Even with a laboratory test as seemingly simple as thyroid-stimulating hormone (TSH), a collaborative relationship between an endocrinologist and a clinical laboratory expert can be mutually beneficial. An experienced clinician may be well aware of the significant circadian rhythm of this hormone but may or may not be aware of the substantial interindividual difference in how much daily variability is present , nor how much TSH results may vary among different assays. The laboratorian in turn may be intimately familiar with how often interfering antibodies may lead to falsely elevated results but may or may not realize how common it is to see teenaged congenital hypothyroidism patients with high TSH and high free thyroxine (T4) because of last-minute double-dosing after months of chronic noncompliance. A clinical laboratory expert can explain how heterophilic antibody interference differs from TSH autoantibody interference (we will cover this later), and which diagnostic maneuvers make the most sense given the clinical scenario presented by the clinician. There is a time commitment involved in arranging regular clinician-laboratorian communications, but without a doubt patients benefit tremendously from what experts can teach each other.
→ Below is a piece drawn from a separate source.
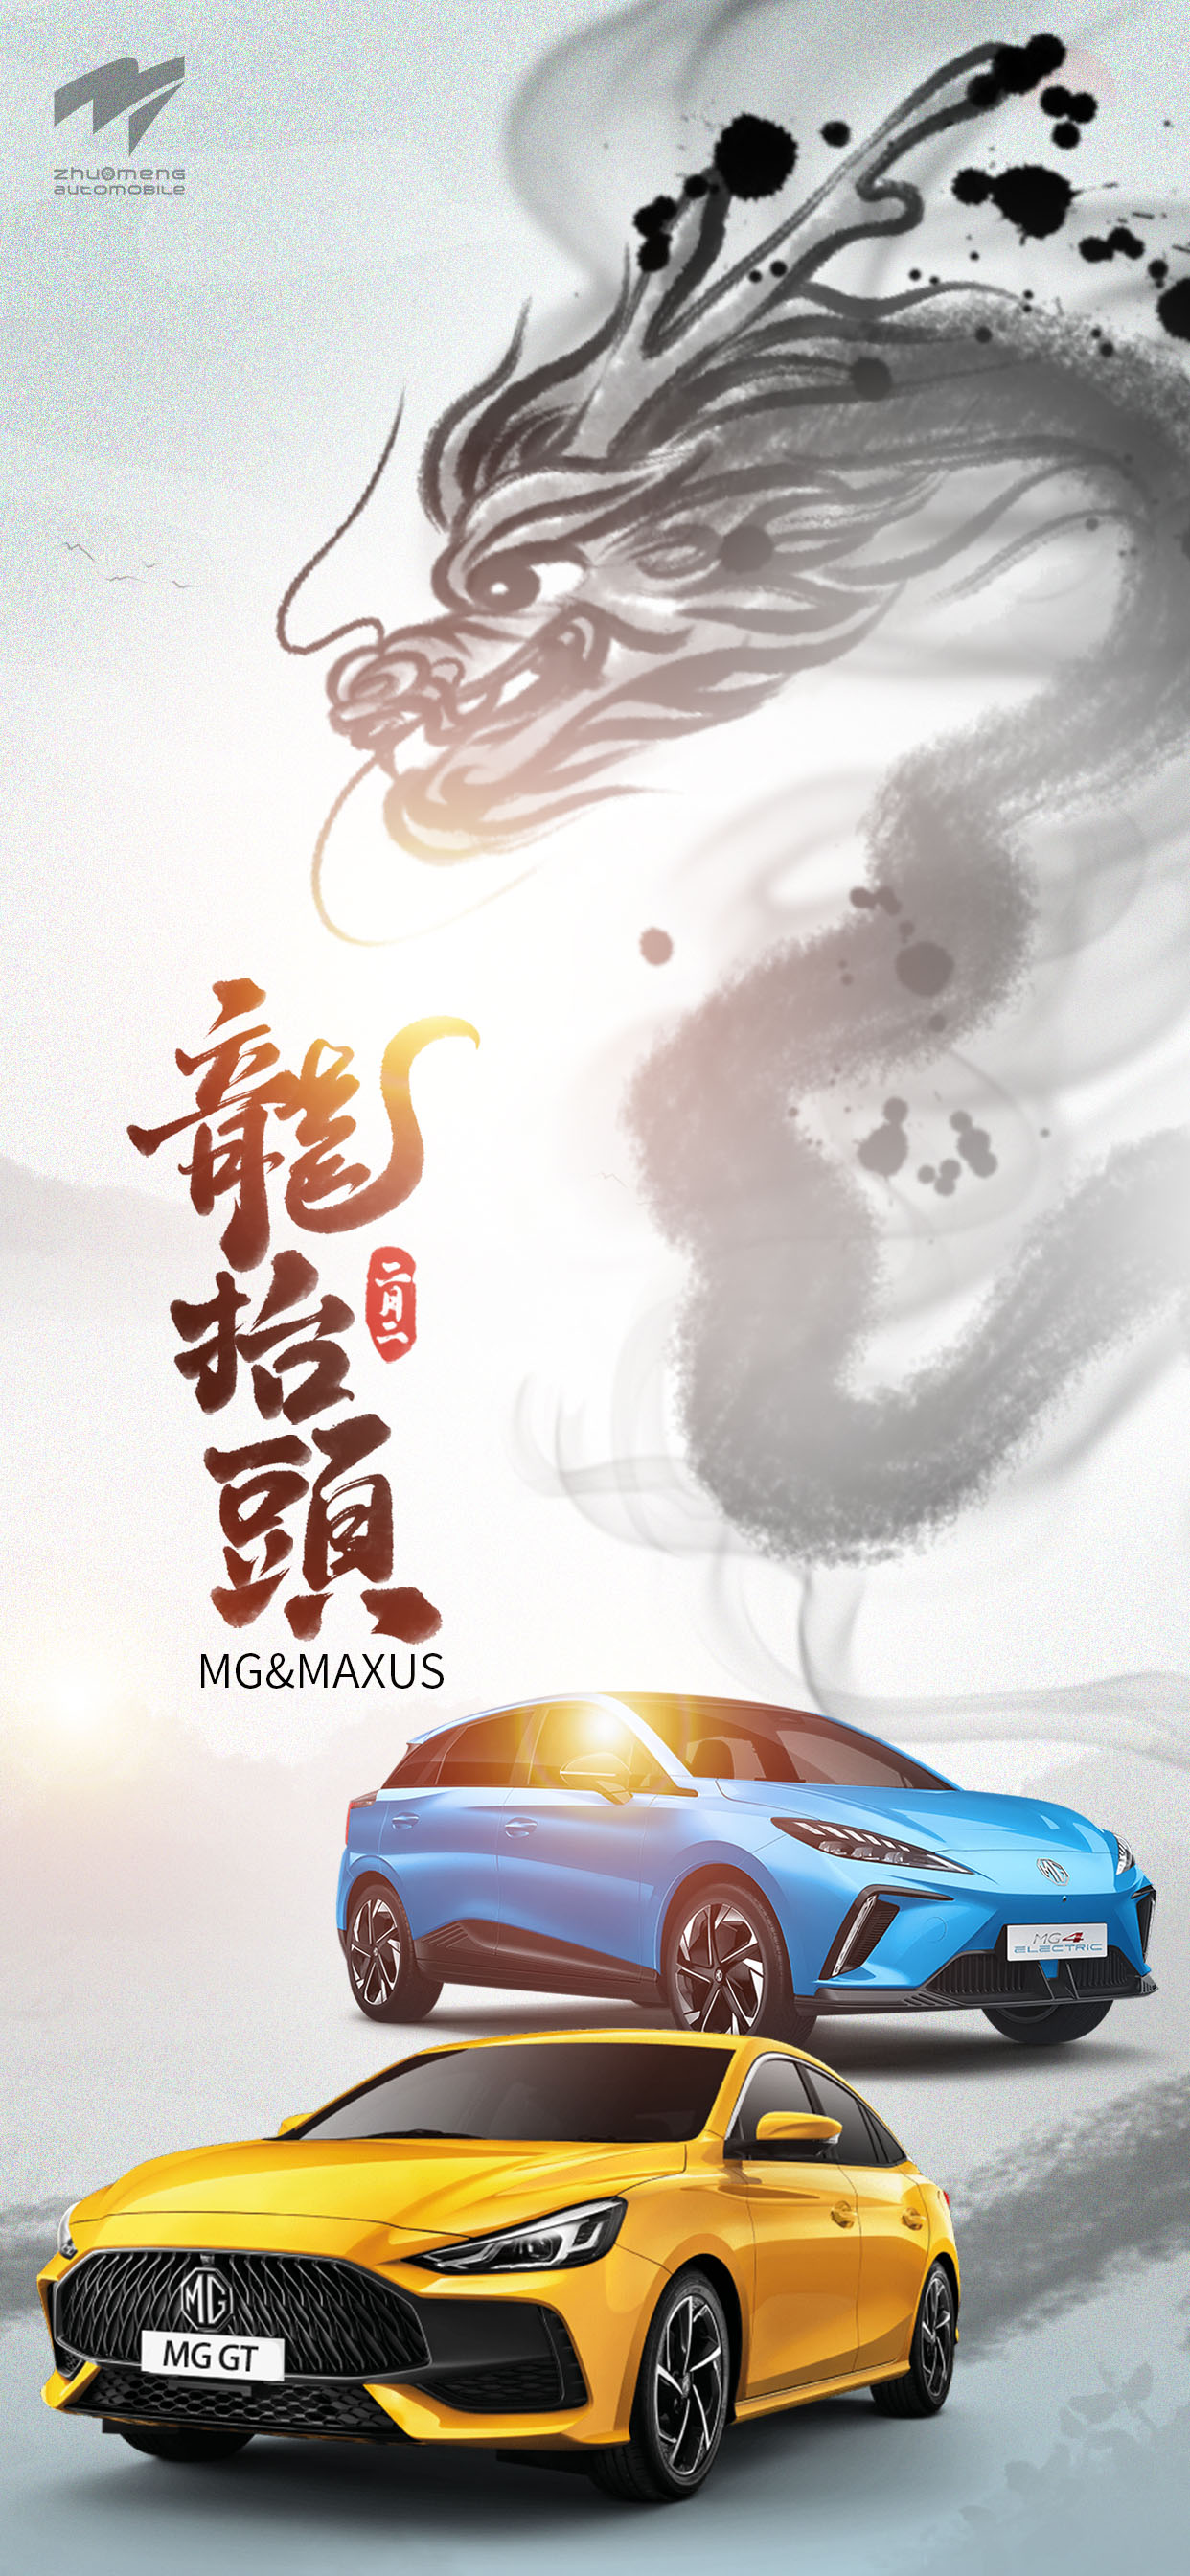 Zhuo Meng （Shanghai） Automobile Co., Ltd. Dragon Head (February 2 of the lunar calendar)
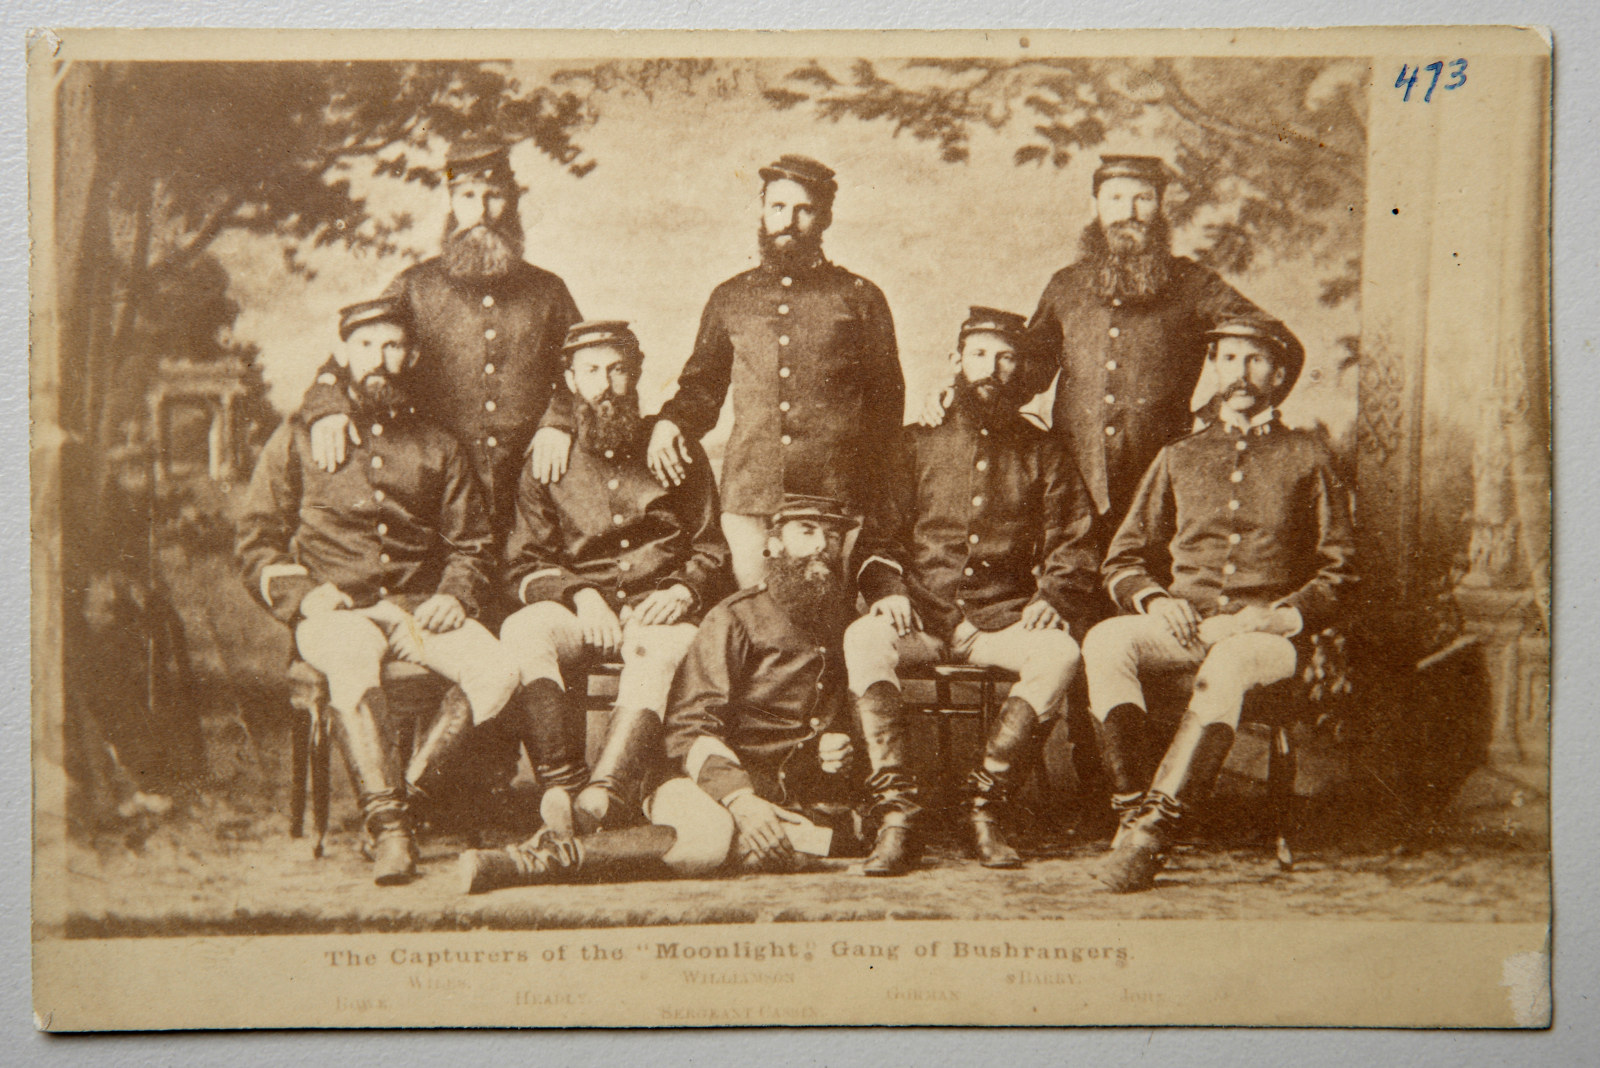 The Capturers of the Moonlight gang of Bushrangers (1879)

Learning to speak (some of) the language of the laboratory

The language used in the clinical laboratory can be a barrier to learning. “Labspeak” is not quite a foreign language but represents a dialect with many terms unfamiliar to clinicians. Imagine the following conversation:

Clinician: “The results for test X on this patient seem really different between laboratory Y and your laboratory.” Laboratorian: “I agree with you that these two results show more discordance than I’d expect from normal analytical and biological variation because the total allowable error is only 15% even though we’re down near the LOQ. The assay QC looks fine, so we should check for potential preanalytical issues and consider possible heterophilic antibody interference as well. And let’s check the platforms used, because the assays for this analyte are definitely not standardized or even harmonized to date.”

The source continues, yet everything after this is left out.